It would be easy to make it into a template if there was demand for it. Hesperian 07:00, 25 August 2009 (UTC)

Thank You! I think I can make a template according to this... -- Lavallen (talk) 07:11, 25 August 2009 (UTC)

Can I suggest that we look to convert this into an additional running header for WS too. So far we haven't had four part header, though surely it is a matter of time. Preferably I would prefer to see RunningHeader have both parameters and the ability to chose which, though if that is too hard, then something akin to it and suitably linked would be a good second best. billinghurst (talk) 04:45, 30 August 2009 (UTC)

.pdf Hosting

Tom W. Sulcer, an author, wants to host his published book Common Sense II here at Wikisource as a .pdf file. Is this permitted here? ResScholar (talk) 04:44, 27 August 2009 (UTC)

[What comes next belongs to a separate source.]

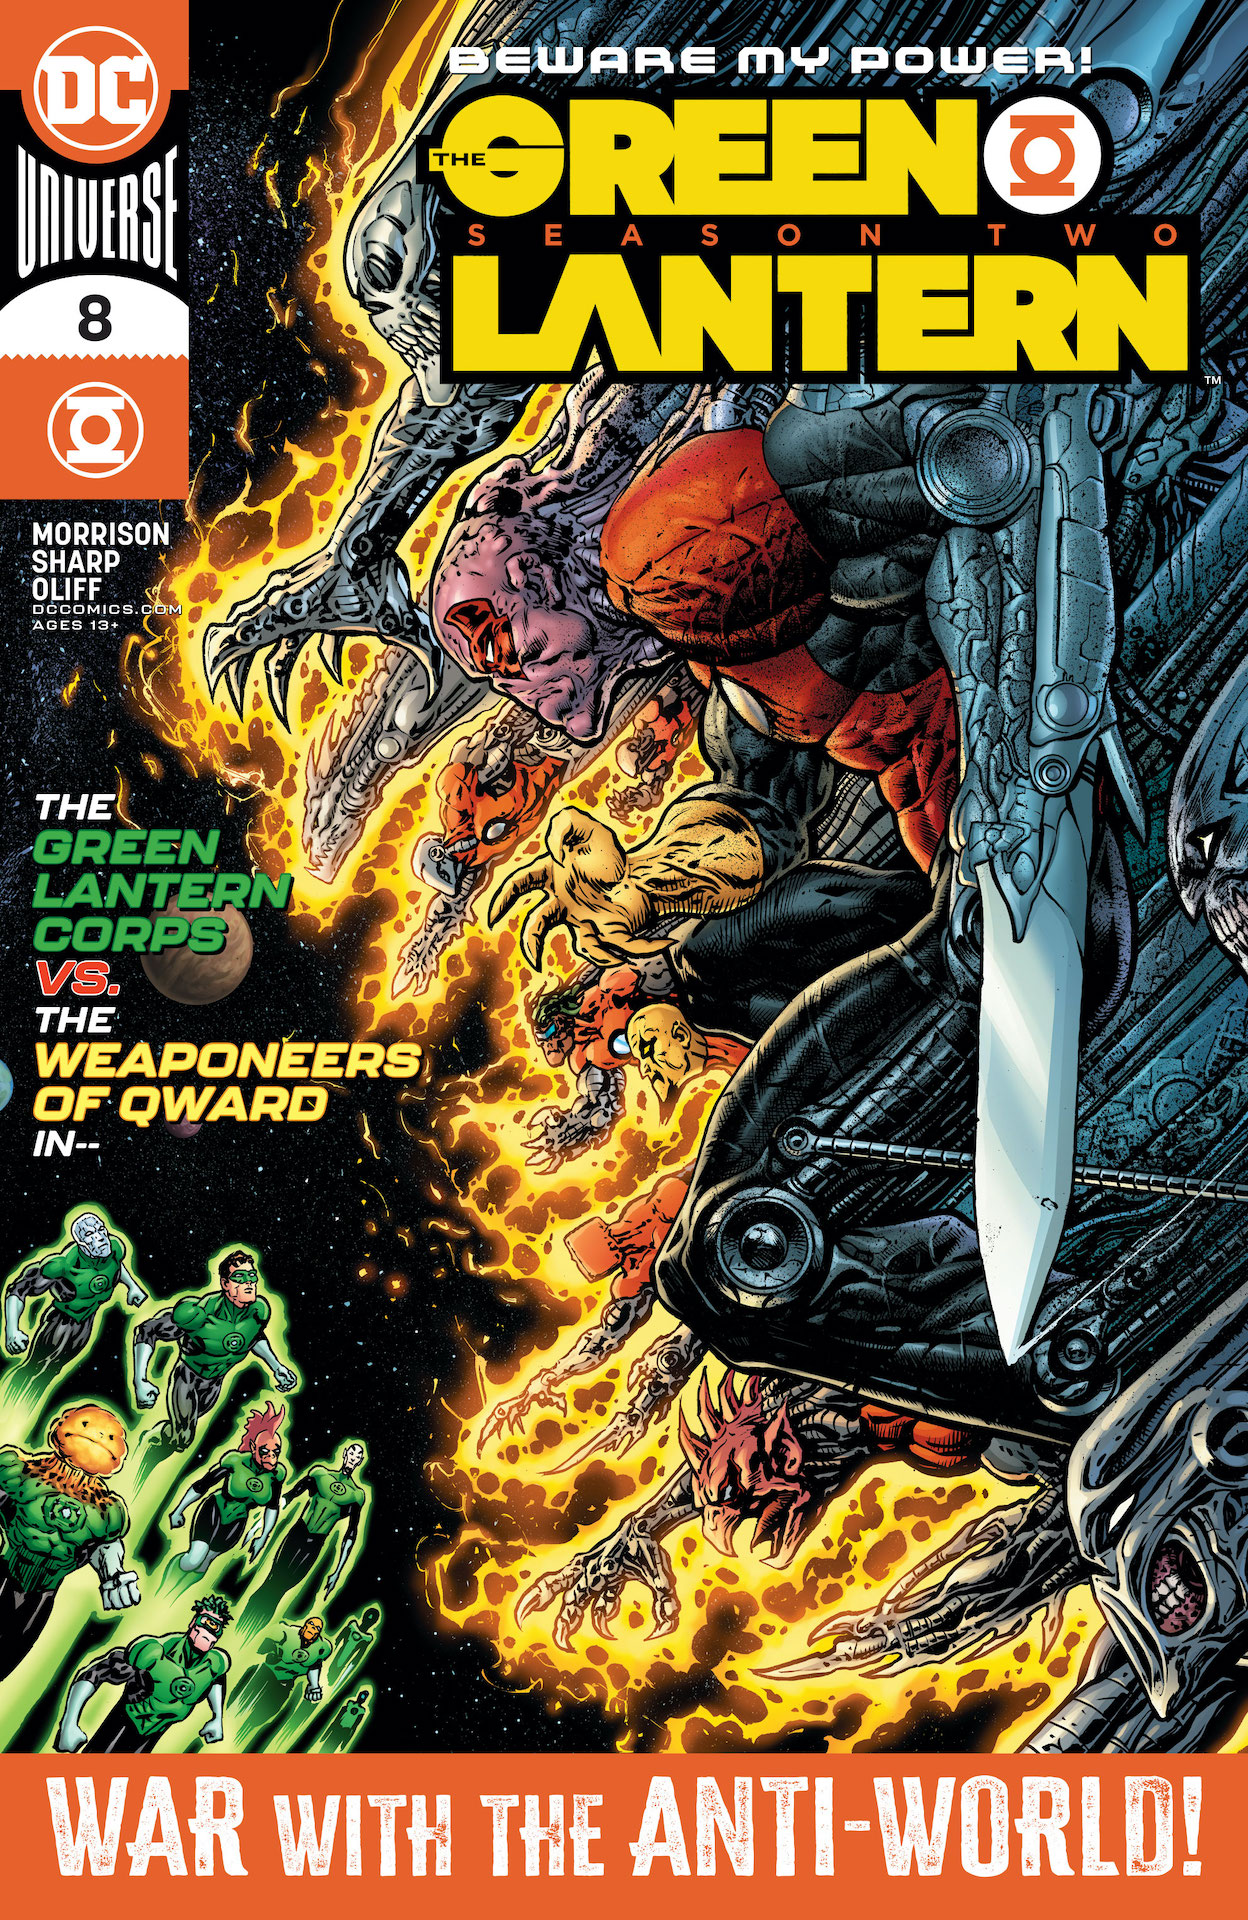 DC Preview: The Green Lantern Season Two #8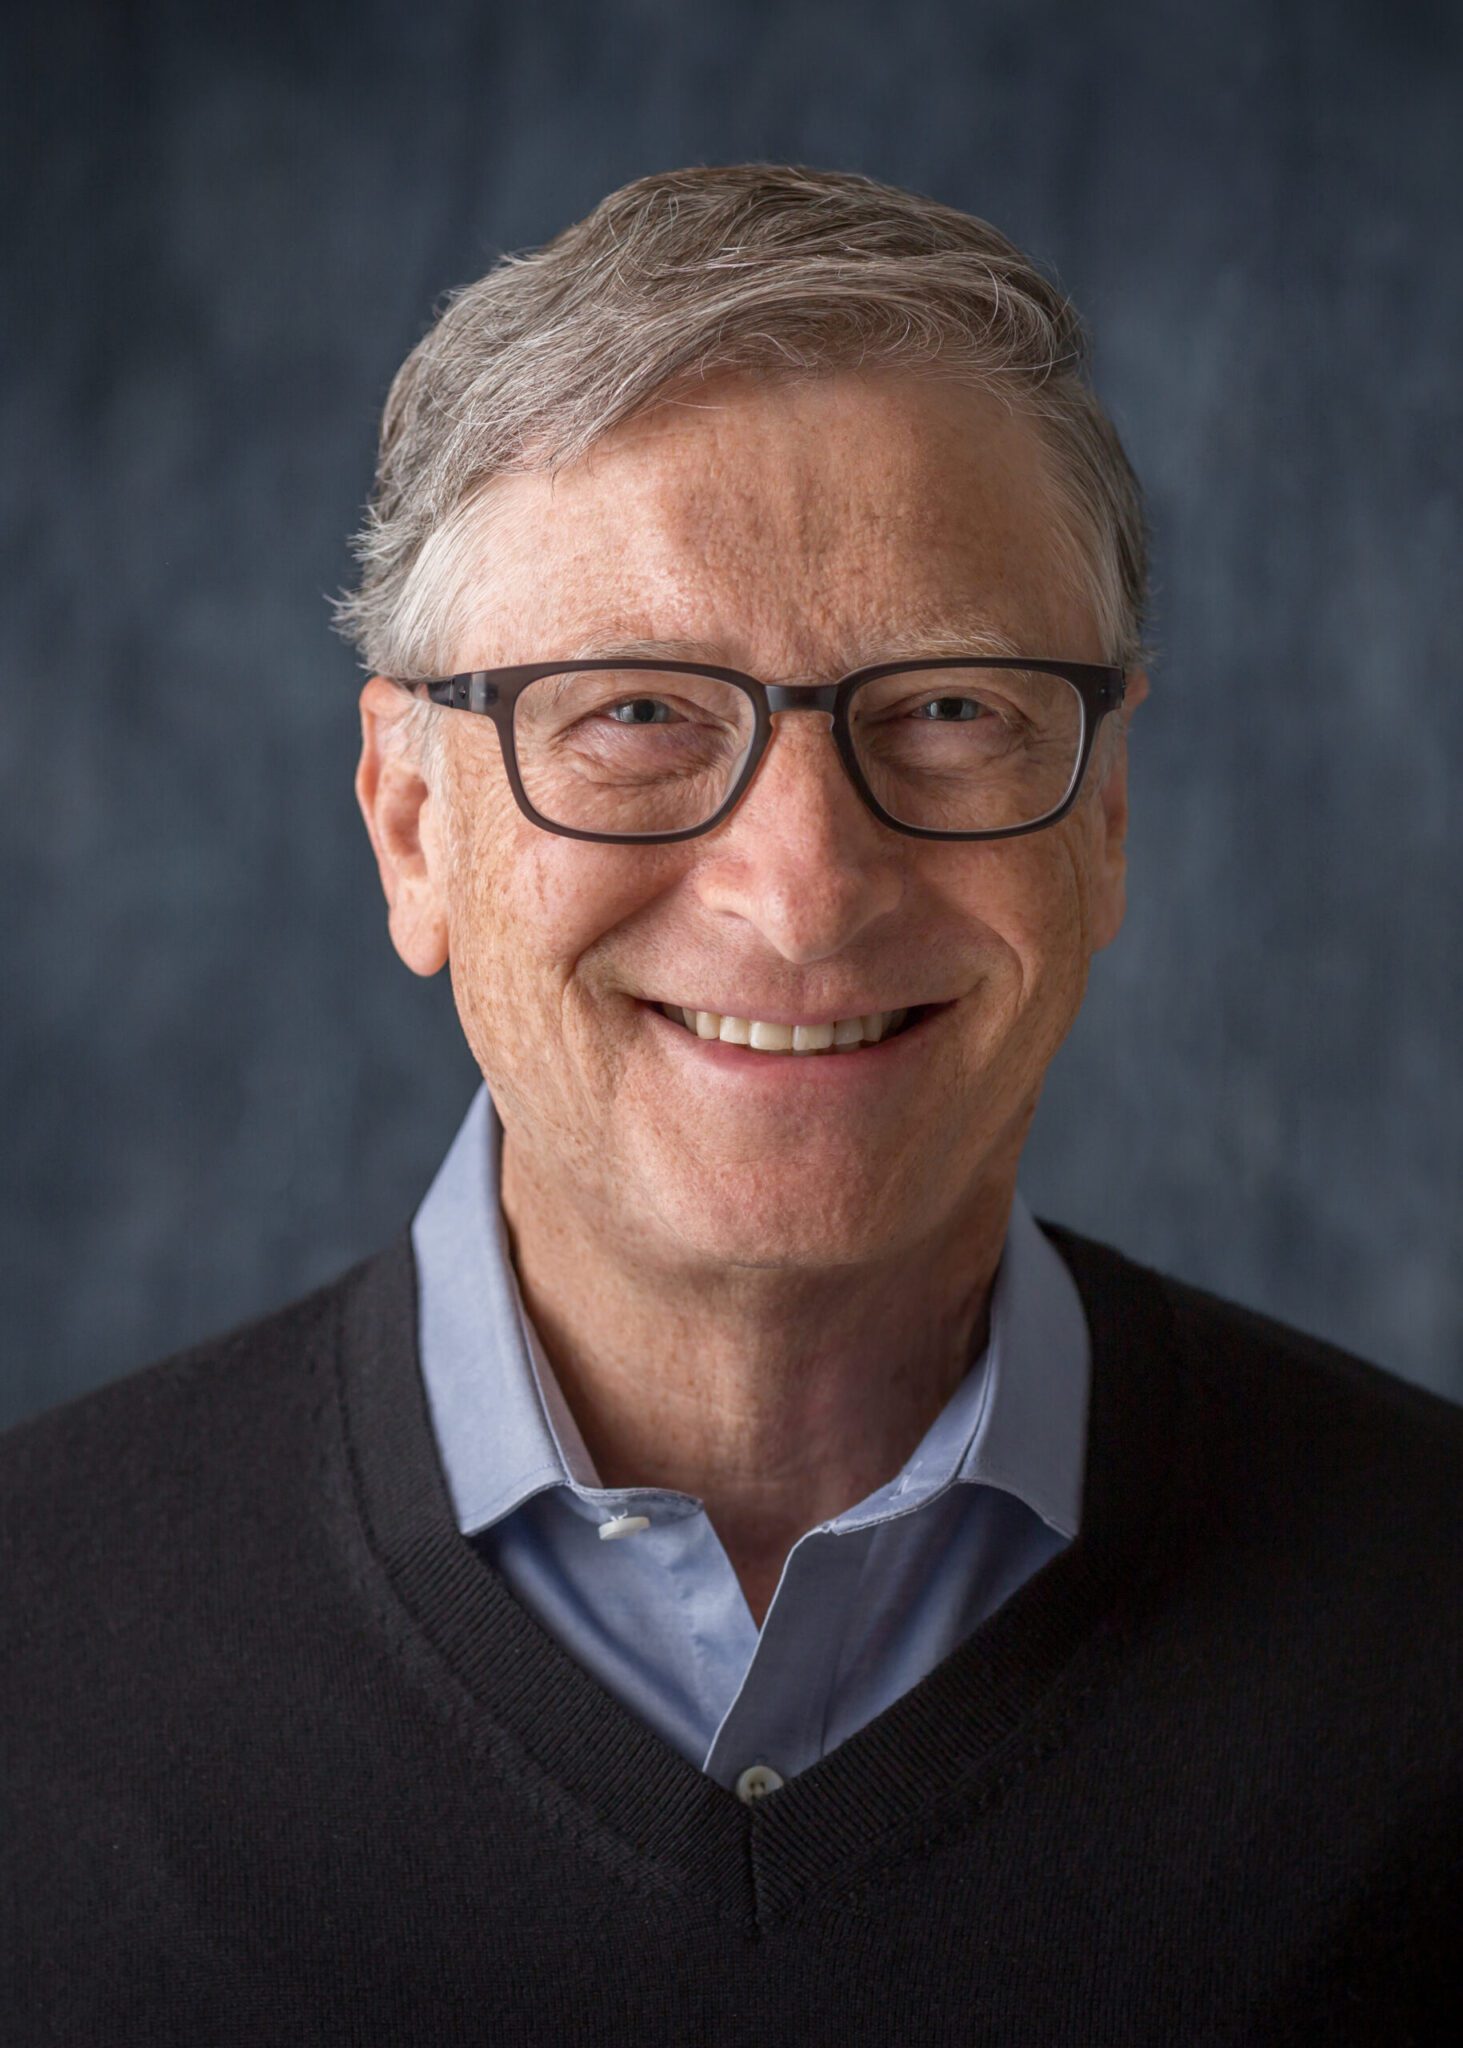 Bill Gates headshot

I think that PDF files should be hosted on Commons. Yann (talk) 11:02, 27 August 2009 (UTC)

If the work is under a free license, it can probably be added as a regular article. PDFs can be automatically created from any article. If it is a long work that would be split into multiple pages or has special formatting, Uploading to Commons would probably be best. --Pmsyyz (talk) 23:57, 27 August 2009 (UTC)

I'm with Yann here. PDFs aren't nice formats for wikis, as they're not easily editable or reusable. I assume this is the better type, that's not just scanned pages or text stored on the page with no respect to the logical structure of the document, but still. And they're pains for pretty much any reader who doesn't print them out and nigh-impossible on small readers like even the fanciest cell phone.--Prosfilaes (talk) 02:21, 28 August 2009 (UTC)

My first preference is for DjVu over PDF, and would prefer that format considered primarily. With regard to where it is hosted, I prefer to see it at Commons, though understand that there are times when files cannot be hosted there, so then use WS as the fallback place for an upload. billinghurst (talk) 04:42, 30 August 2009 (UTC)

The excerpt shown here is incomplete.